Bundesaußenministerin Annalena Baerbock (Grüne) hat angesichts des russischen Angriffskriegs in der Ukraine eine sicherheitspolitische Neuaufstellung Deutschlands angekündigt. Der „völkerrechtswidrige Krieg“ des russischen Präsidenten Wladimir Putin „konfrontiert uns mit einer neuen sicherheitspolitischen Wirklichkeit“, sagte Baerbock am Freitag in einer Grundsatzrede zum Auftakt des Prozesses zur Erarbeitung einer neuen deutschen Sicherheitsstrategie in Berlin. Ins Zentrum rückte sie die Stärkung der Nato-Bündnisfähigkeit.

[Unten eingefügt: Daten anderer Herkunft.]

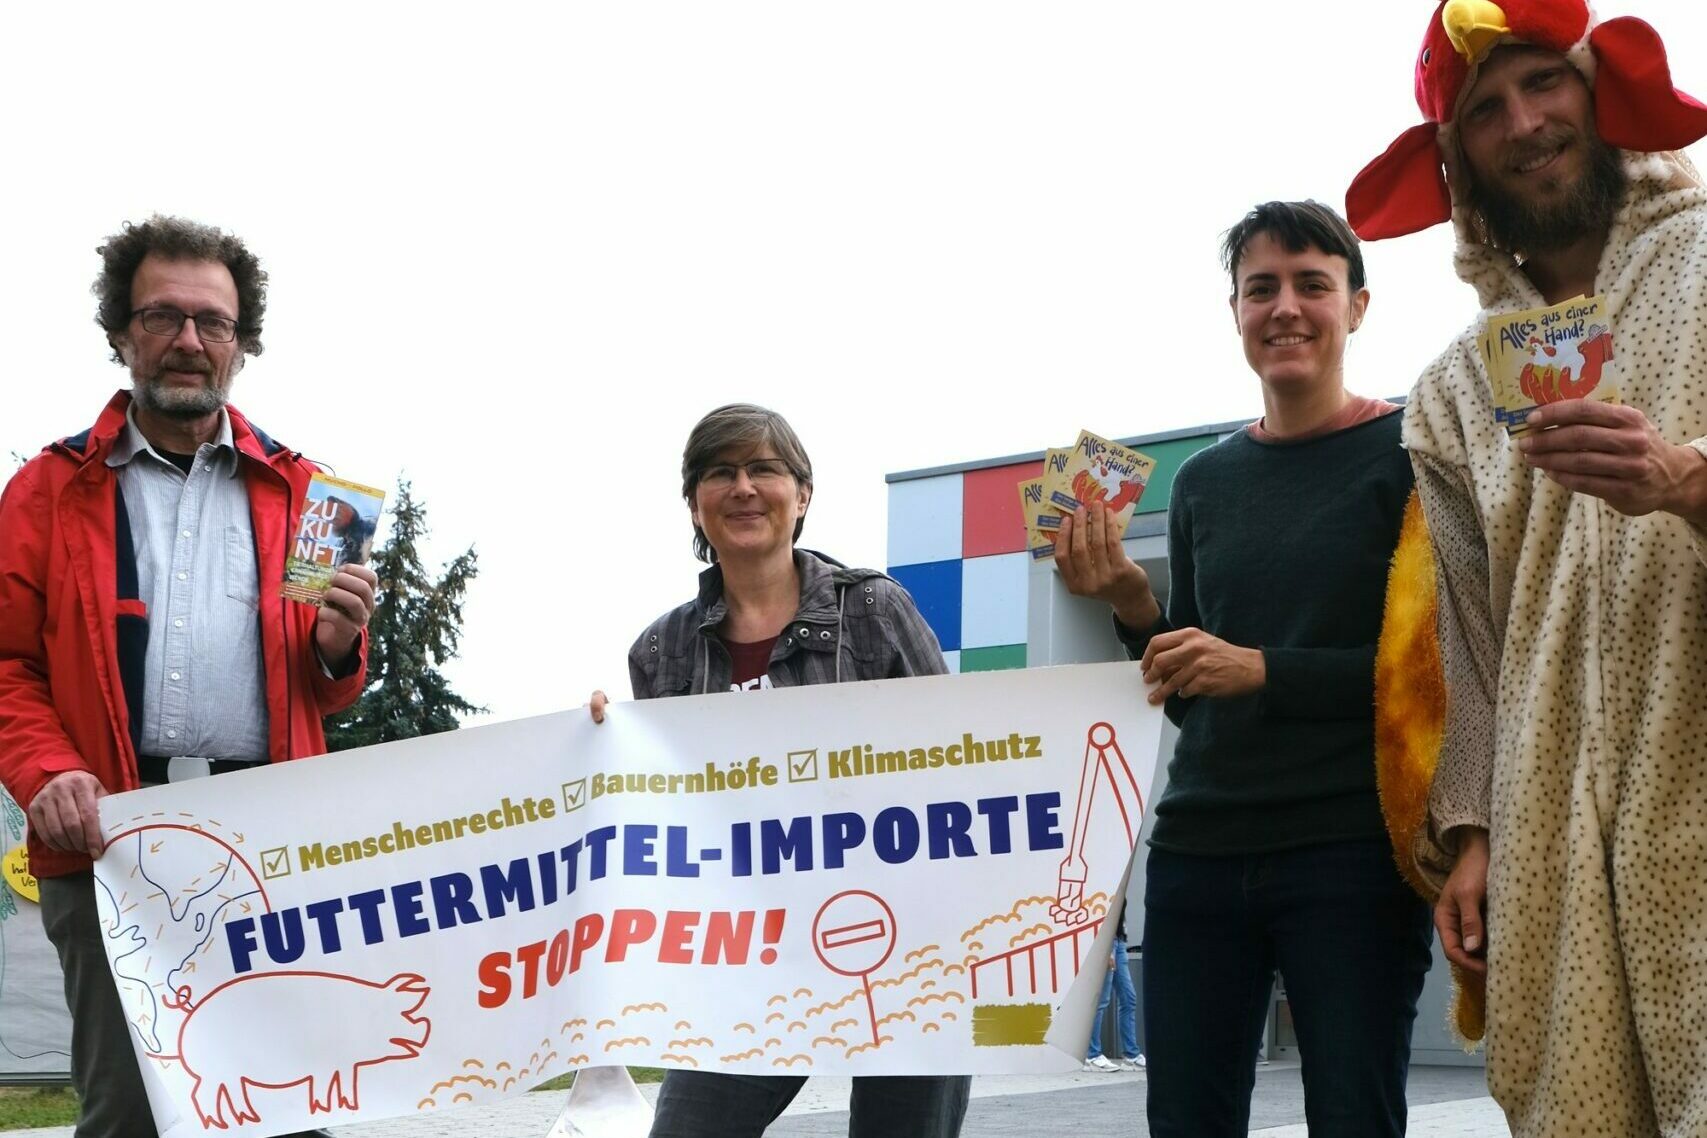 Aktion Agrar Team mit Banner "Futtermittel-Importe stoppen"

Der russische Krieg in der Ukraine sei eine „geopolitische Zäsur mit tiefgreifenden Auswirkungen auf die europäische Sicherheit“, betonte Baerbock. Bei der Erarbeitung der nationalen Sicherheitsstrategie müsse Deutschland deshalb „Sicherheit nicht aus der Vergangenheit, sondern aus der Zukunft heraus denken“.

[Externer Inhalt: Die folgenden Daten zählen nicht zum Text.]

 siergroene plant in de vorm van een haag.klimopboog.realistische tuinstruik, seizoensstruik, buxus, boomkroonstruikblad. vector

Die Erarbeitung einer nationalen Sicherheitsstrategie ist im Koalitionsvertrag der „Ampel“ verankert. Es handelt sich um das erste Projekt dieser Art in der Geschichte der Bundesrepublik.
Als die drei wesentlichen Elemente eines neuen Sicherheitsbegriffs bezeichnete Baerbock die „Unverletzlichkeit des Lebens“ – also den Schutz vor Krieg und Gewalt, die „Sicherheit der Freiheit unseres Lebens“ in der Demokratie und die „Sicherheit der Grundlagen unseres Lebens“. Wo Krieg die Lebensgrundlagen auslösche, könne es keine Sicherheit geben, sagte Baerbock. „Aber auch dort, wo die Folgen des Klimawandels, von Hunger, Armut und fehlendem Wohlstand der Menschen Leid erzwingen, gibt es keine Grundlage für sicheres Leben in Freiheit“.
Der Ukraine-Krieg zeige „einmal mehr, dass die Sicherheit von der Bündnisfähigkeit der Nato abhängt“, unterstrich Baerbock. Von Deutschland forderte sie deshalb mehr Verantwortungsübernahme in dem Bündnis.
Für die neue sicherheitspolitische Strategie bedeute das einerseits, dass die „bisherige Stolperdraht-Logik“, die durch militärische „Mindestpräsenzen in den baltischen Staaten und Polen signalisiert, dass ein Angriff auf ein Nato-Land ein Angriff auf alle ist, in der jetzigen Form nicht mehr ausreicht“, sagte Baerbock.
Eine langfristige Ausgestaltung der jüngst erfolgten Verstärkung der Nato-Ostflanke sowie auf die neuen Realitäten ausgerichtete militärische Übungen müssten der „Tatsache Rechnung tragen, dass das gesamte östliche Bündnisgebiet einer neuen Bedrohung unterliegt“.
Neben der Aufstellung von „Nato-Präsenzen in den Ländern Südosteuropas“ bedeute das, dafür zu sorgen, „dass die nukleare Abschreckung der Nato glaubhaft“ bleibe. Aus diesem Grund habe sich die Bundesregierung jüngst für die Beschaffung atomwaffenfähiger F-35-Tarnkappenjets entschieden.
Eine Abkehr von der von ihr vertretenen „wertegeleiteten Außenpolitik“ soll die sicherheitspolitische Neuaufstellung laut Baerbock nicht sein – im Gegenteil: „Russlands aggressives Vorgehen führt uns vor Augen: Bei Fragen von Krieg und Frieden, von Recht und Unrecht, kann kein Land, auch nicht Deutschland, neutral sein.“
Aus der „deutschen Schuld für Krieg und Völkermord“ erwachse die „Verpflichtung, jenen zur Seite zu stehen, deren Leben, Freiheit und Rechte bedroht sind“, betonte die Außenministerin. Sich nicht an die Seite des Unterdrückers stellen zu dürfen, gelte aber nicht nur im Umgang mit Russland, sondern mit allen Autokratien.
Baerbock verwies in diesem Zusammenhang insbesondere auf die massiven Infrastruktur-Investitionen Chinas weltweit. „Wenn wir sehen, in welchen Länder China komplett in die Stromversorgung investiert hat, dann sehen wir auch, dass sich dort eben die Fragen von Souveränität, territorialer Integrität und die Frage des Völkerrechts ganz eindringlich stellen“. Deshalb werde die Bundesregierung in den kommenden Monaten auch eine neue China-Strategie erarbeiten.